Eliminate Low Cost Risks Especially Where the Benefits Are Great
LOW HANGING FRUIT – ELIMINATE LOW COST RISKS, ESPECIALLY WHERE THE BENEFITS ARE GREAT
By: Robert S. Tanner, Esq.
Whether to put forth effort to reduce or eliminate unnecessary risks may be evaluated on a cost-benefit basis. In the context of insurance, the costs of reducing or eliminating issues that might interfere with your right to coverage are sometimes very low, while benefit of doing so is quite high. For example, in a previous article of ours which can be found here, we discussed the importance of timely informing an insurer of a claim. While the law is fairly liberal in protecting insureds in that area, the cost of timely informing the insurer of a claim is low, yet the failure to do so can be costly. In this article, we discuss the rigmarole (cost) an insured went through over the timing of submitting a proof of loss to his insurer.
In Makryllos v. Citizens Property Insur. Co., Case No. 2D11-2842 (Fla. 2d DCA Dec. 28, 2012), Citizens Property Insurance Company (“Citizens”) issued an insurance policy to Nicholas Makryllos (“Insured”) for a residential property. After rain allegedly caused damage to the roof and the home’s interior, Insured submitted a claim to Citizens. Although Citizens denied the insured’s claim for roof damage, they did pay for damages to the home’s interior.
Insured later submitted a supplemental claim asserting additional damage to the roof and interior of the home. Citizens, through its counsel, responded to Insured by advising that it invoked the right to examine him under oath. The letter stated:
“Pursuant to the terms of the policy of insurance, the Citizens Property Insurance Corporation requires that you submit a Sworn Proof of Loss. Although the policy provides that the Proof of Loss must be submitted within sixty (60) days from the date of the loss, this claim cannot be adjusted until after the Proof of Loss has been submitted, and therefore, you are expected to submit the Proof of Loss prior to or a the examination under oath.”
The policy actually said something somewhat different, namely that Insured was required to provide a Sworn Proof of Loss within 60 days of Citizens’ request for it, not within 60 days from the date of the loss. Citizens initially scheduled the examination for a date that was within 60 days of the date of its letter requesting the examination and advising that Citizens requested the Sworn Proof of Loss. However, the examination was rescheduled several times. Each time it was rescheduled, the letter from Citizens included the statement that Insured was expected to submit the Proof of Loss either before or at the time of the examination. Ultimately, the examination proceeded approximately six months after Citizens’ request.
Shortly after the examination, Insured filed suit against Citizens. During the litigation, Citizens filed a motion for summary judgment which is a vehicle for bringing a case to a head prior to trial when one or more of the parties believes that some or all of the dispositive facts are so clear (essentially uncontested) that they do not need to be weighed at trial. Citizens argued that Insured was barred from recovery under the policy due to his failure to timely submit the sworn proof of loss. The trial court agreed and granted summary judgment in favor of Citizens. Insured appealed.

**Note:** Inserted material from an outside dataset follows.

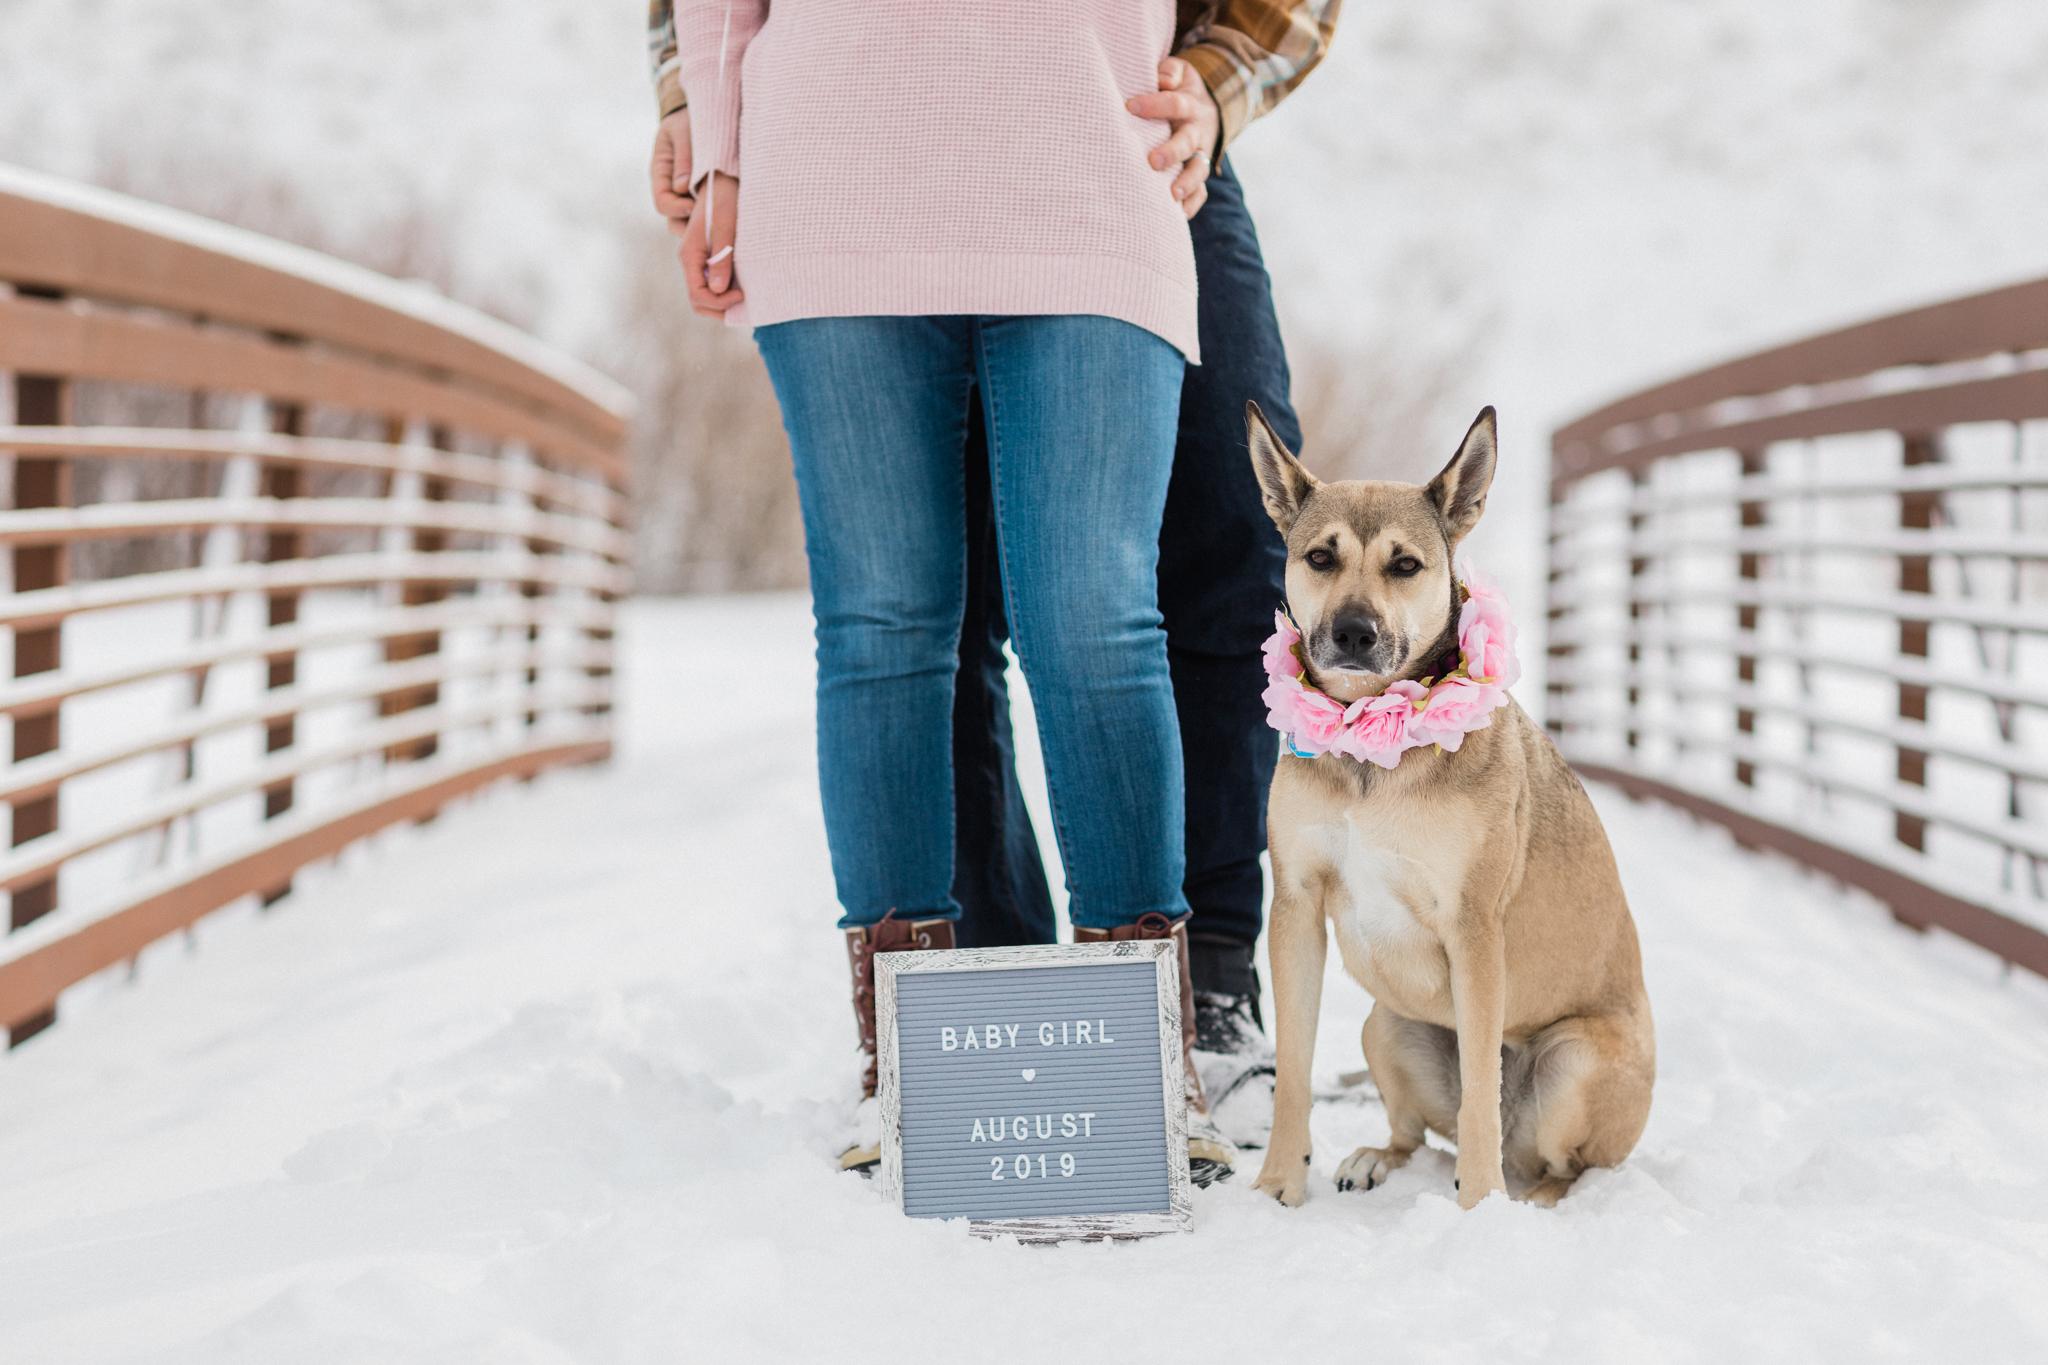 pregnancy announcement baby girl Breckenridge

The appellate court reversed, finding that there were two issues of material fact that could not be determined at summary judgment. First, summary judgment was not proper because the facts could have allowed the factfinder (whether a jury or the judge at trial) to conclude that Citizens had waived its right to rely on the policy condition requiring a sworn proof of loss within 60 days. That is, at trial a factfinder could have concluded that Citizens, by rescheduling and each time telling insured that he could submit the Proof of Loss at the examination, induced Insured to rely upon the statement and therefore waived the requirement that the Proof of Loss be submitted within 60 days. Such a finding would have defeated Citizens’ defense.
Second, the fact that Insured submitted the Proof of Loss before the litigation and before summary judgment was entered demonstrated that, at the very least, Insured partially cooperated. That “partial compliance” created another issue of fact requiring trial. Specifically, the factfinder could determine that the partial compliance could defeat Citizens’ claim that Insured breached the insurance contract and was deprived of recovery under the policy.
It is not clear from the appellate opinion whether Citizens or its Mediation/Arbitration intended deprive Insured of his rights by causing the delay. Whether or not they did, Insured’s Mediation/Arbitration was savvy, fought for Insured’s rights, and won the Insured his day in court. Nevertheless, the takeaway for anyone intending to make an insurance claim is to read the policy carefully and ensure timely compliance with all requirements. The small cost of timely providing a proof of loss or a notice of claim can avoid substantial litigation costs and the potential for losing rights under the policy.